One of the most spectacular and costly failures of federal procurement in recent years was the Air Force’s failed Expeditionary Combat Support System (ECSS).
ECSS was a commercial enterprise resource planning (ERP) system that would provide integrated management of Air Force logistics and replace numerous, disconnected systems. But between 2004 and 2012, when the program was finally canceled, the service spent $1.1 billion on the program and had nothing to show for it.
A new report by the Senate’s Permanent Subcommittee on Investigations examines the lessons learned from the ECSS fiasco and should be mandatory reading for all federal managers and leaders. I suspect many federal managers would find at least some problems cited in the report familiar:
■ Cultural resistance to change within the Air Force.
■ Lack of leadership to implement needed changes.
■ Inadequate mitigation of identified risks at the outset of the procurement.
“The Air Force continually and systematically failed to adhere to BPR [business process re-engineering] guidelines, causing major problems that crippled the program,” the report said.
For example, when the contractor, CSC, urged the Air Force to change its business processes to be more efficient and reflect best practices, the Air Force resisted and instead asked CSC to customize the software to meet existing processes, thereby losing any gains in efficiency.
Likewise, there was no champion for the program among Air Force leadership to guide ECSS from start to finish. Frequent turnover of acquisition personnel was another problem. Poor or no training meant new personnel lacked understanding of ECSS’s design elements, so decisions took longer.
And the Air Force’s risk management strategy failed to mitigate identified risks, and the Air Force failed to apply basic acquisition best practices such as clearly defining the system’s requirements, the Senate report said.
Many of the problems that sabotaged ECSS are at play in other Defense Department ERP programs — namely, the Navy ERP system, the Air Force’s Defense Enterprise Account and Management System, and the Marine Corps’ Common Aviation Command and Control System. All suffer extensive schedule delays and costs increases in the billions.

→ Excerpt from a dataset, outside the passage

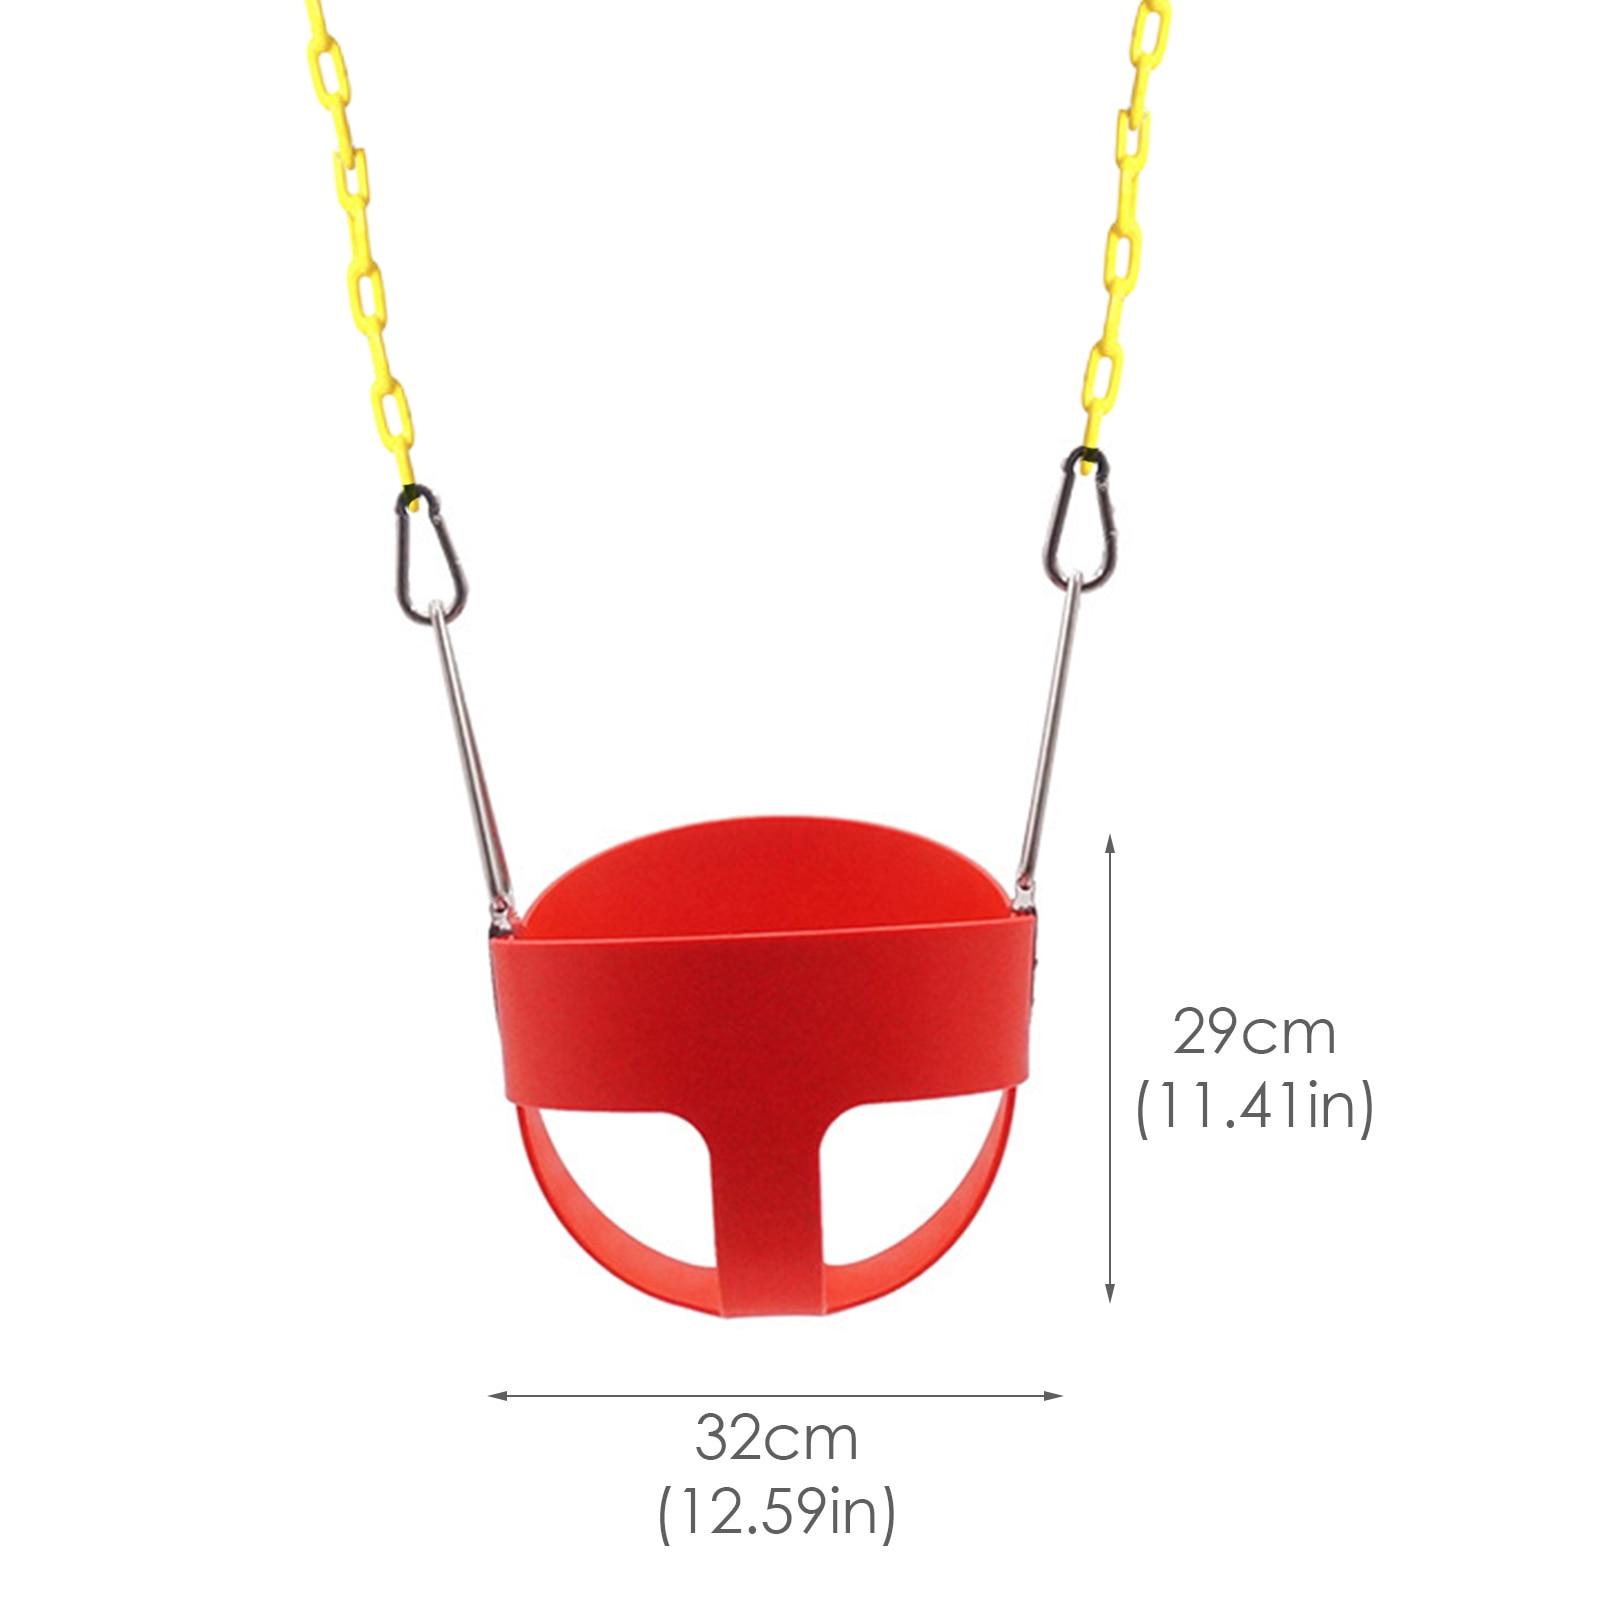 Assento do balanço da corda com correntes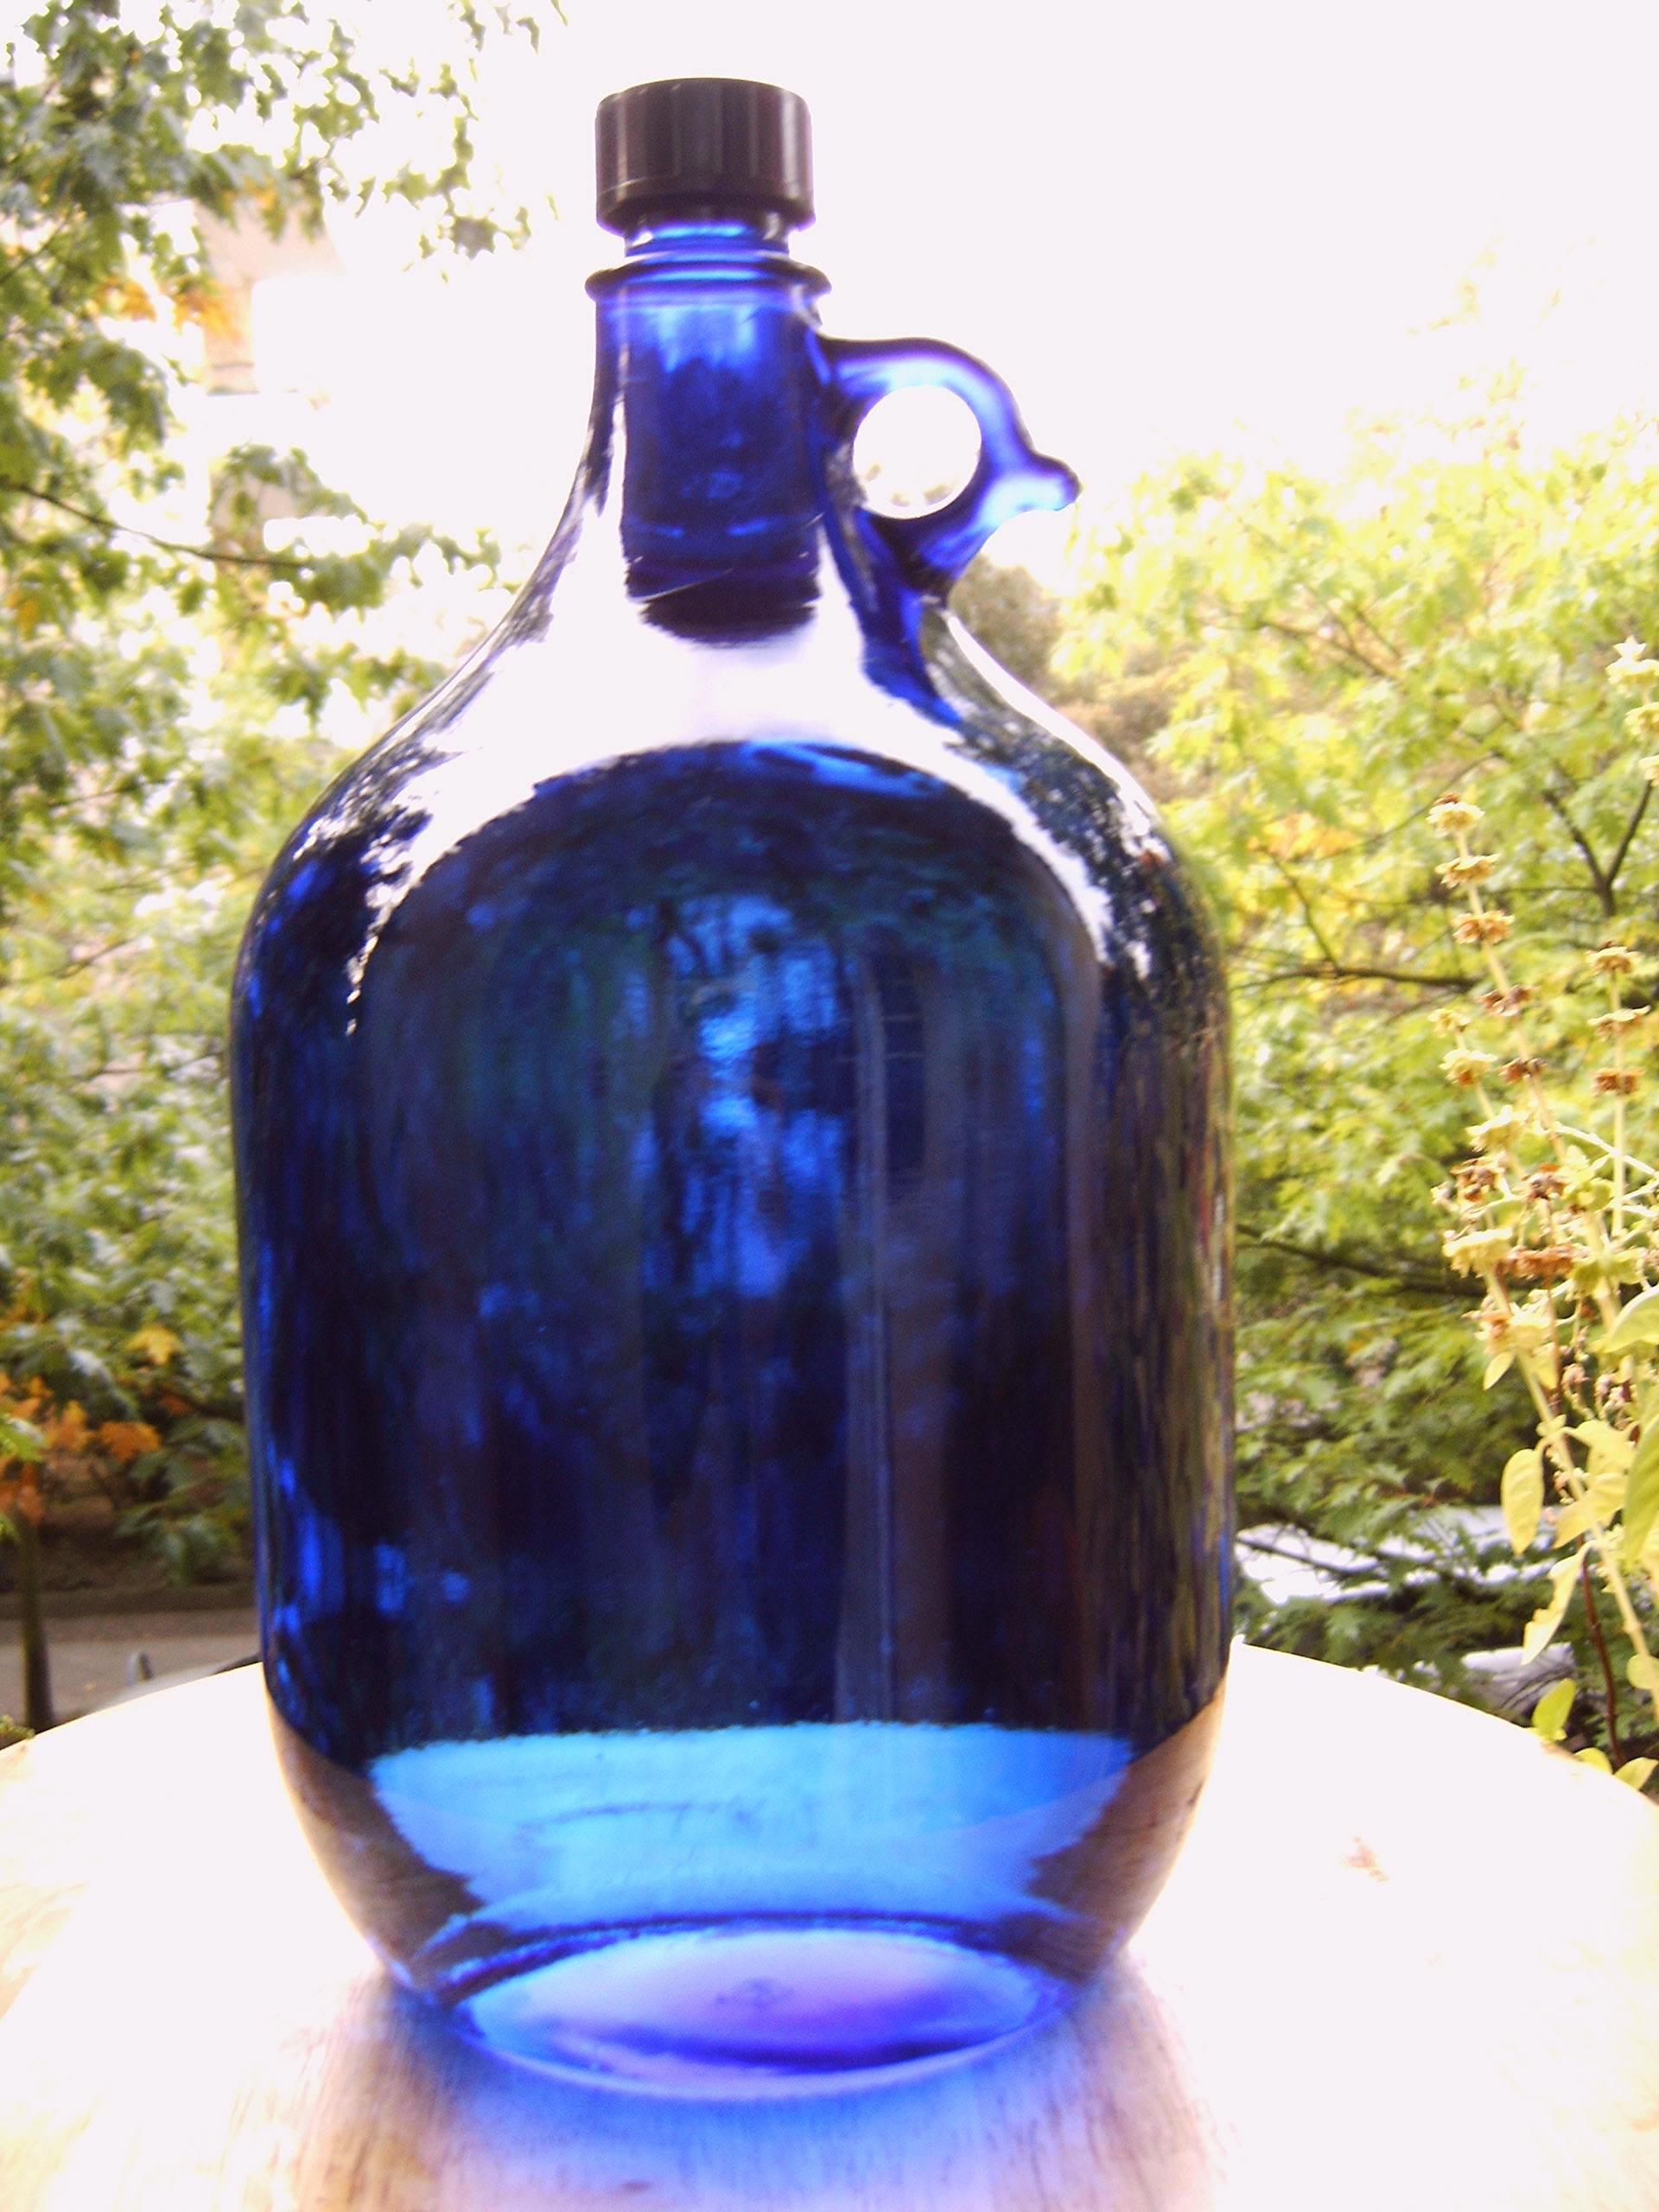 Conservar el agua en casa en botellas a base de vidrio de Murano

As agencies increasingly move toward enterprise-scale IT modernizations and consolidations, the use of effective BPR practices will be ever more critical. So federal executives from all disciplines must be aware of what those effective practices are, as well as what the warning signs of failure look like. And when they spot those warning signs, they must demonstrate leadership and speak up.
Finally, lawmakers must acknowledge their own culpability as well. It was Congress, after all, that forked over more than $$1 billion to the ECSS program over eight years, even as auditors repeatedly warned of problems.